Fair enough. I will give those a try. I currently only have Zigbee devices, no threads. I’ve avoided stuff like this so far because I’m not sure what will trigger the need to re-pair all my devices. A couple of them are in inconvenient locations. The advice about the firmware seems solid enough that it’s worth it even if I have to re-pair.

if you now only have two Zigbee Router devices then you are not following those best practice tips

First, let me say that’s a great guide, and I appreciate the effort that went into it. I’ve just re-read it specifically to see what it said about routers. The graphic shows a lot of routers, and in one place the text recommends a “swarm” of routers. On the other hand, it also says “Personally, I suggest buying and adding at least three such devices.” Well, 2 is not so very different from 3 :slight_smile:.

If you really need about as many router devices as battery devices (leaving aside the need due to distance or walls or interference), then maybe Zigbee is not for me. All of my “real” devices (mostly contact and motion sensors) are battery powered.

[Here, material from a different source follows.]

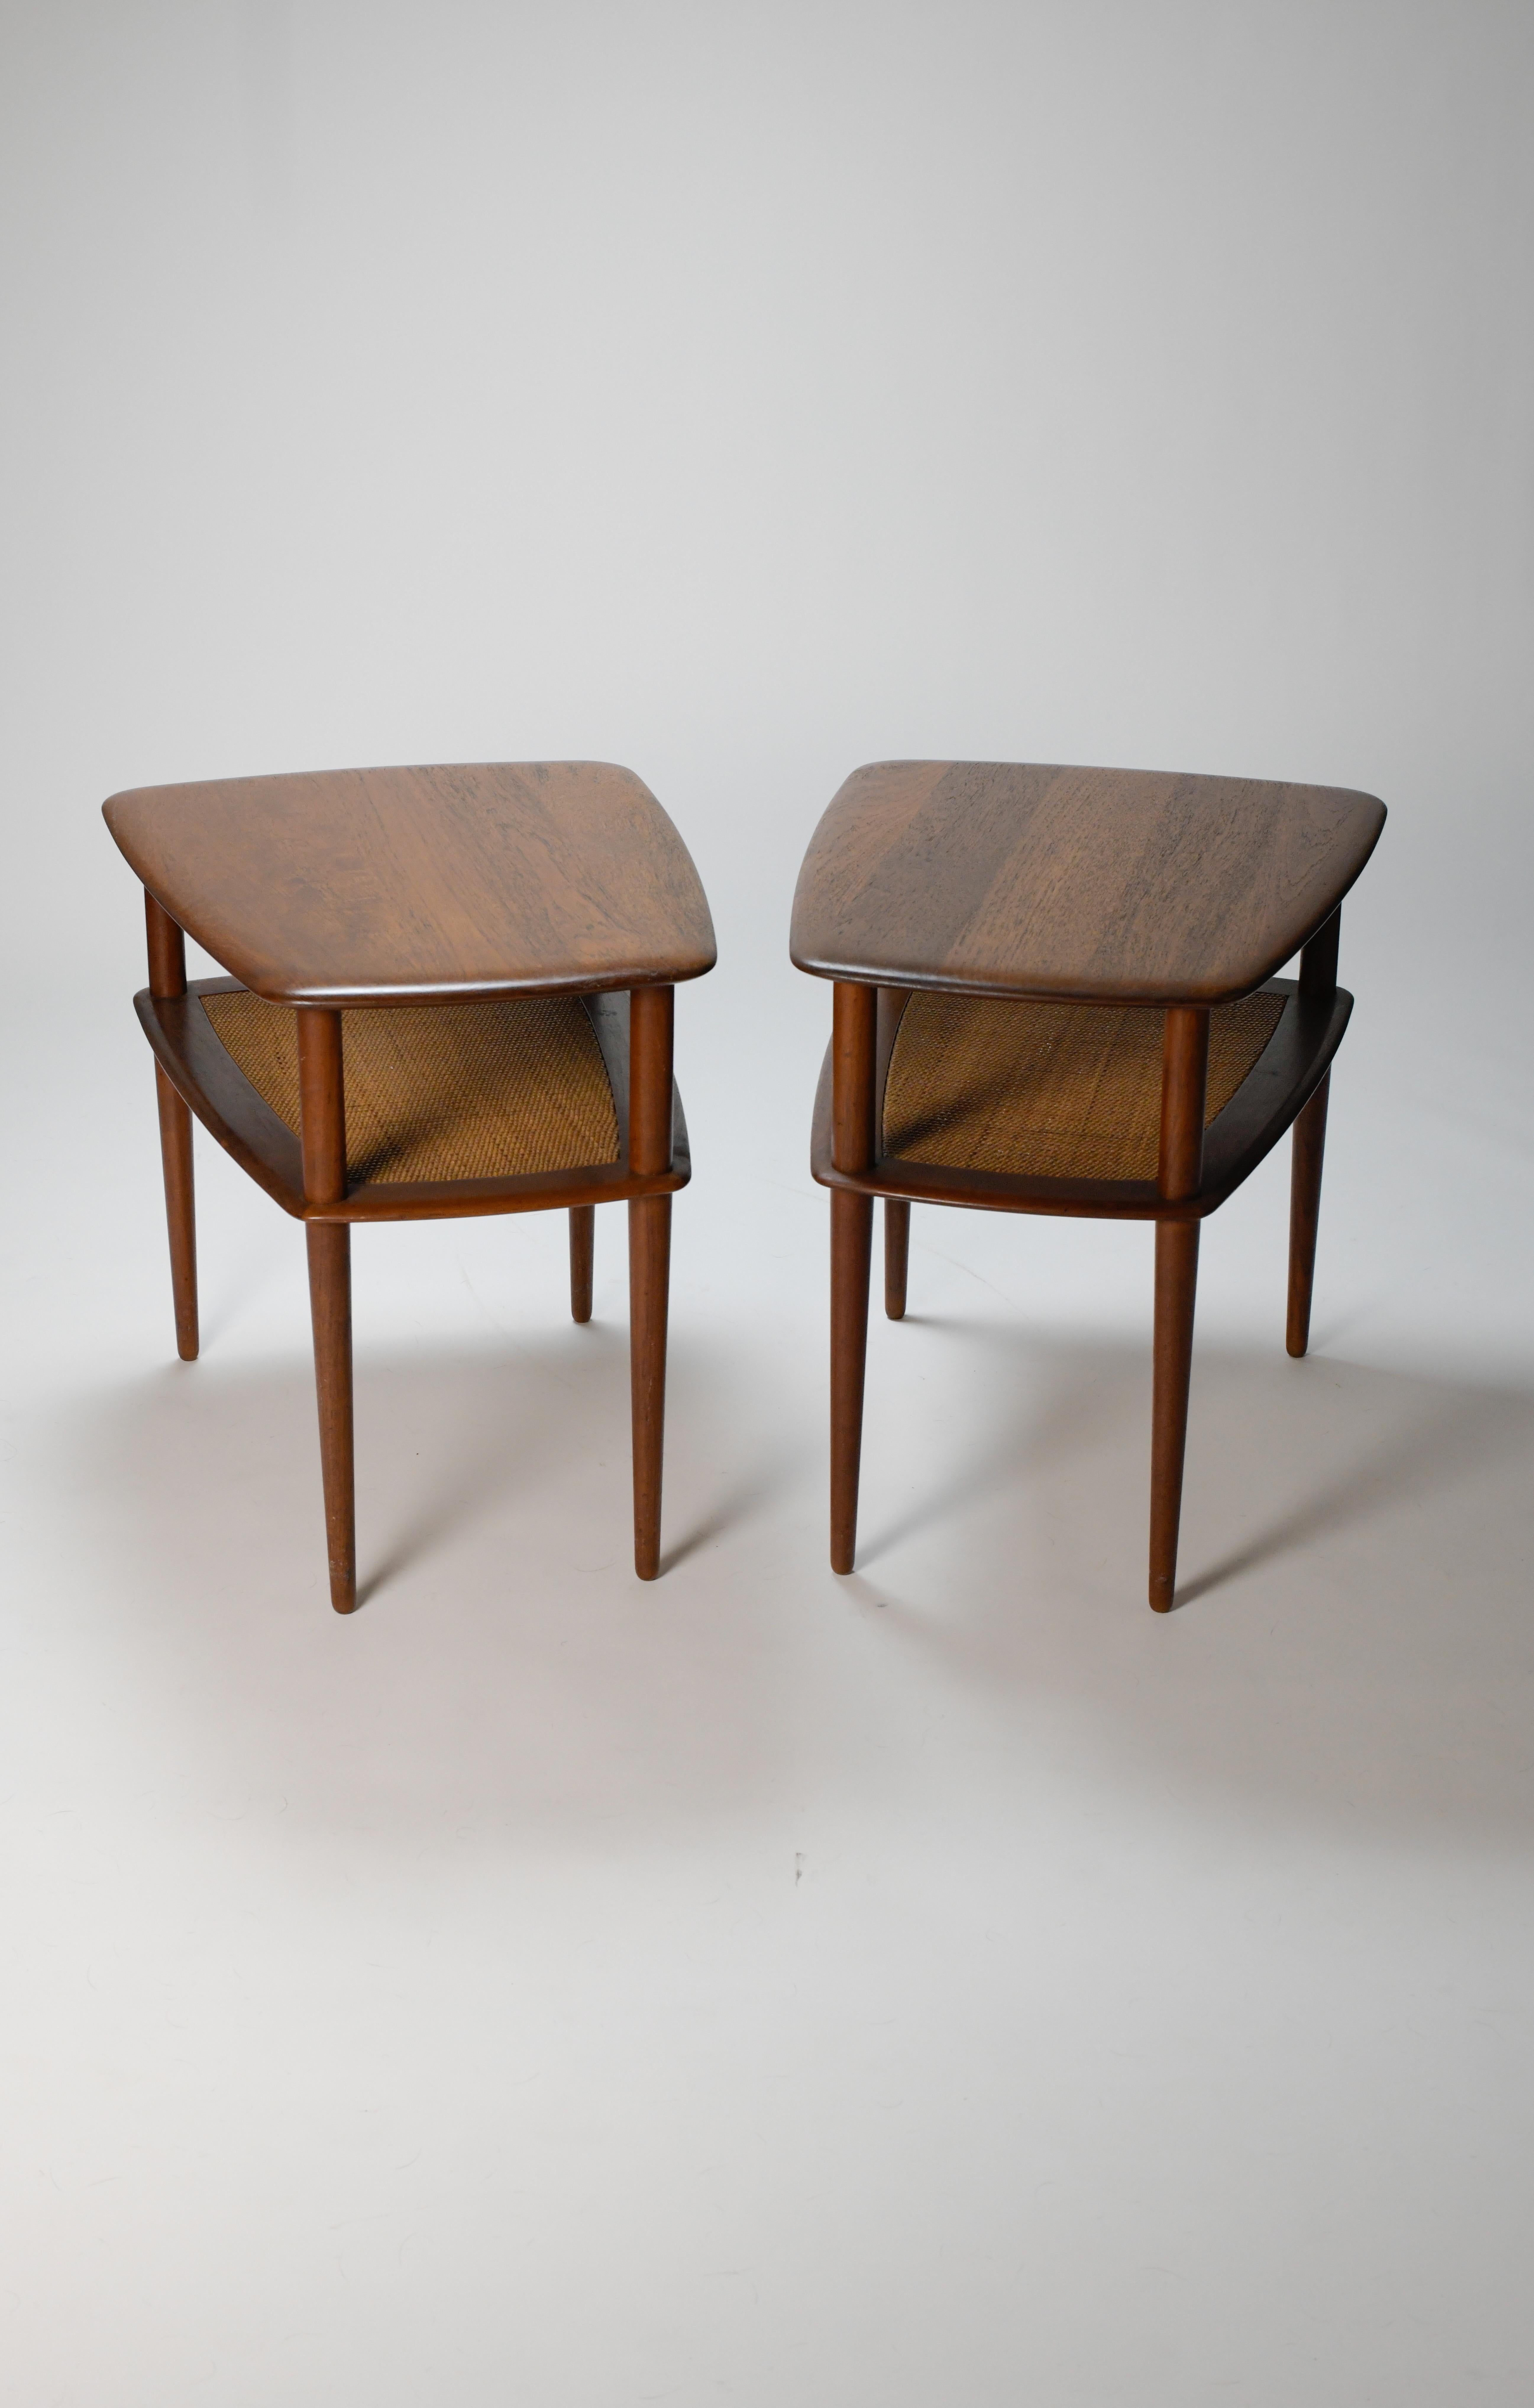 Really nice pair of the classic two tier side table designed by Peter Hvidt and Oral Molgaard Nielsen for France & Son. This asymmetrical table has an upper surface in teak with a lower shelf in cane. Both shelves on both tables are sturdy and have
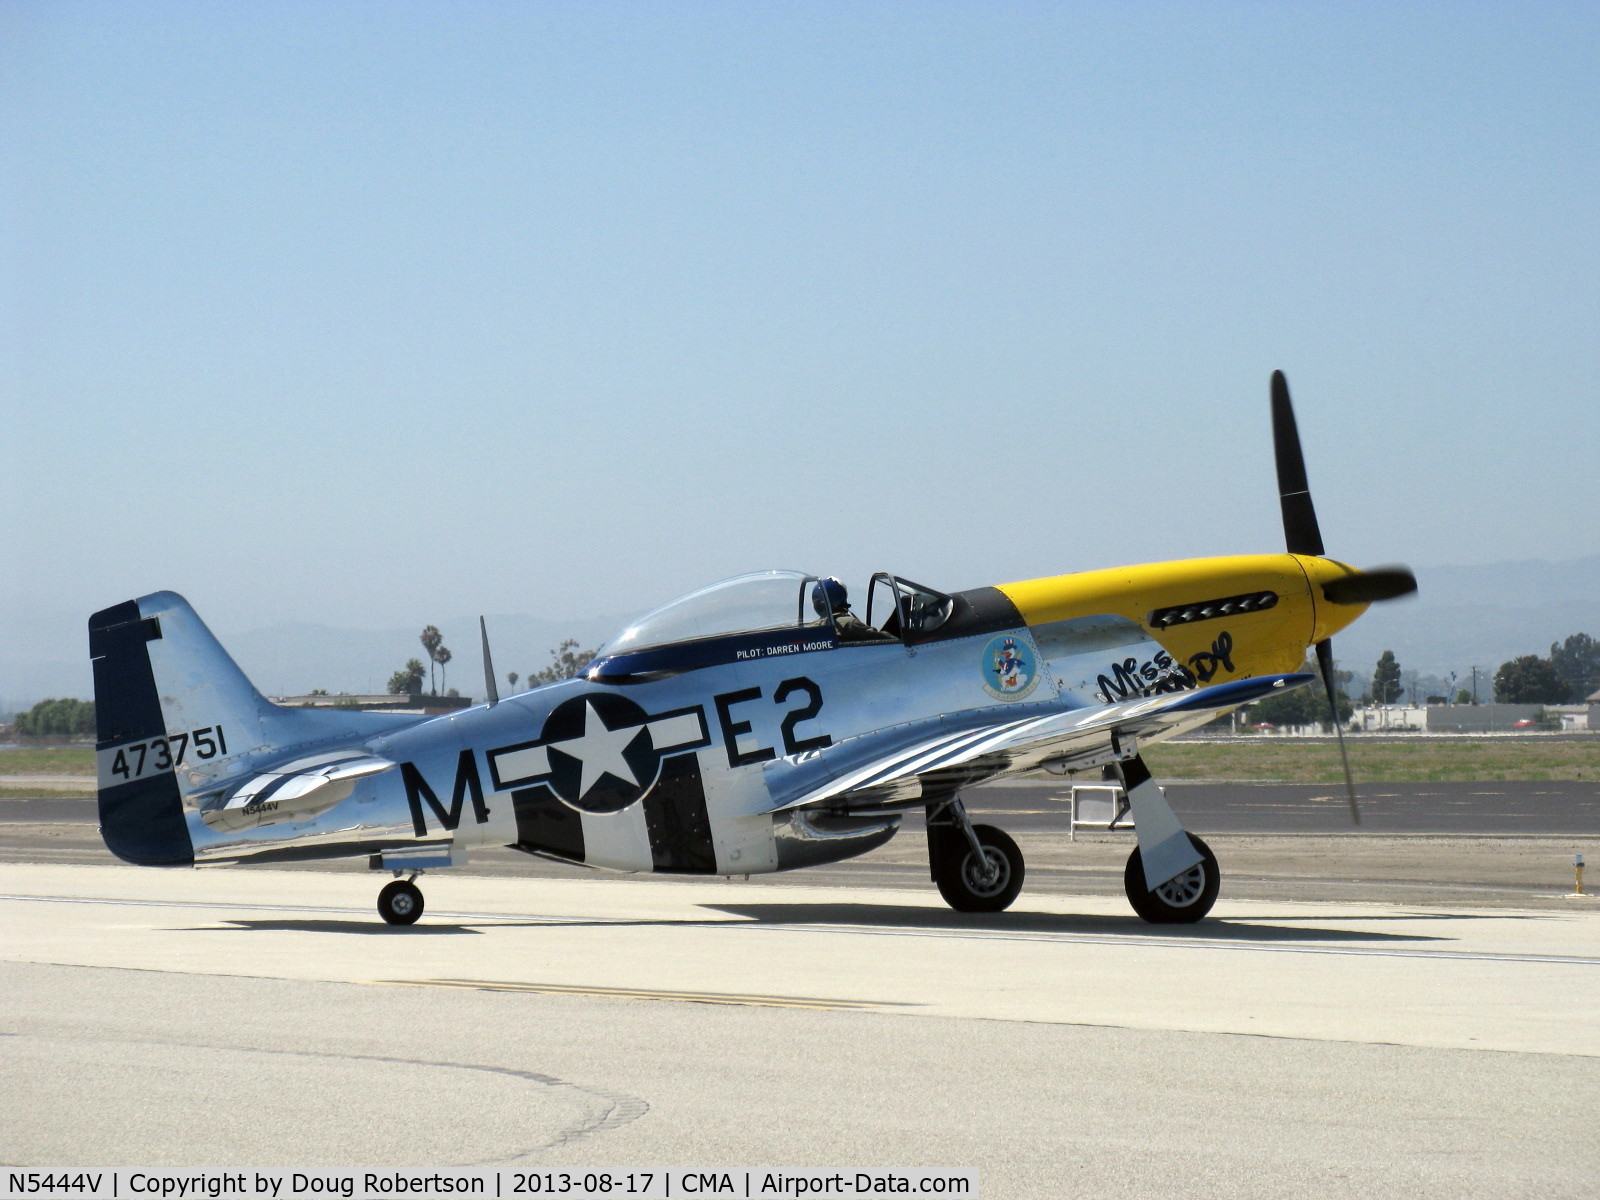 N5444V, 1944 North American F-51D-25-NA Mustang C/N 122-40291, 1944 North American F-51D MUSTANG 'Miss Kandy', Packard-Rolls V1650, Limited class, taxi

That energy scan is 100% weird

I wonder if SkyConnect isn’t the best coordinator to use. I got it because I figured the HA people behind it would have figured out all the best tricks and so on. Or maybe part of the firmware situation also leads to these strange energy scan results. Beats me.

Thanks again to everyone for the input. I’m off to update my firmware, etc, and will report back with the outcome.

Ah, missed the Skyconnect part. I’d still suspect a dodgy antenna, but first I would flash it with zigbee-only firmware. That’s the only way to narrow down whether it’s a software issue or a hardware issue.

I’m back to the Zigbee firmware on the SkyConnect. Now the wait to see what happens (while hoping it doesn’t happen … how do I prove a negative again? :slight_smile:)

BTW, I went down some wrong pathways for the firmware flashing before I finally discovered the very convenient built-in described here: Home Assistant Connect ZBT-1 (Disable multiprotocol support)

1 Like

Good luck! Out of curiosity, now that you’re on zigbee-only firmware, what does the energy scan look like?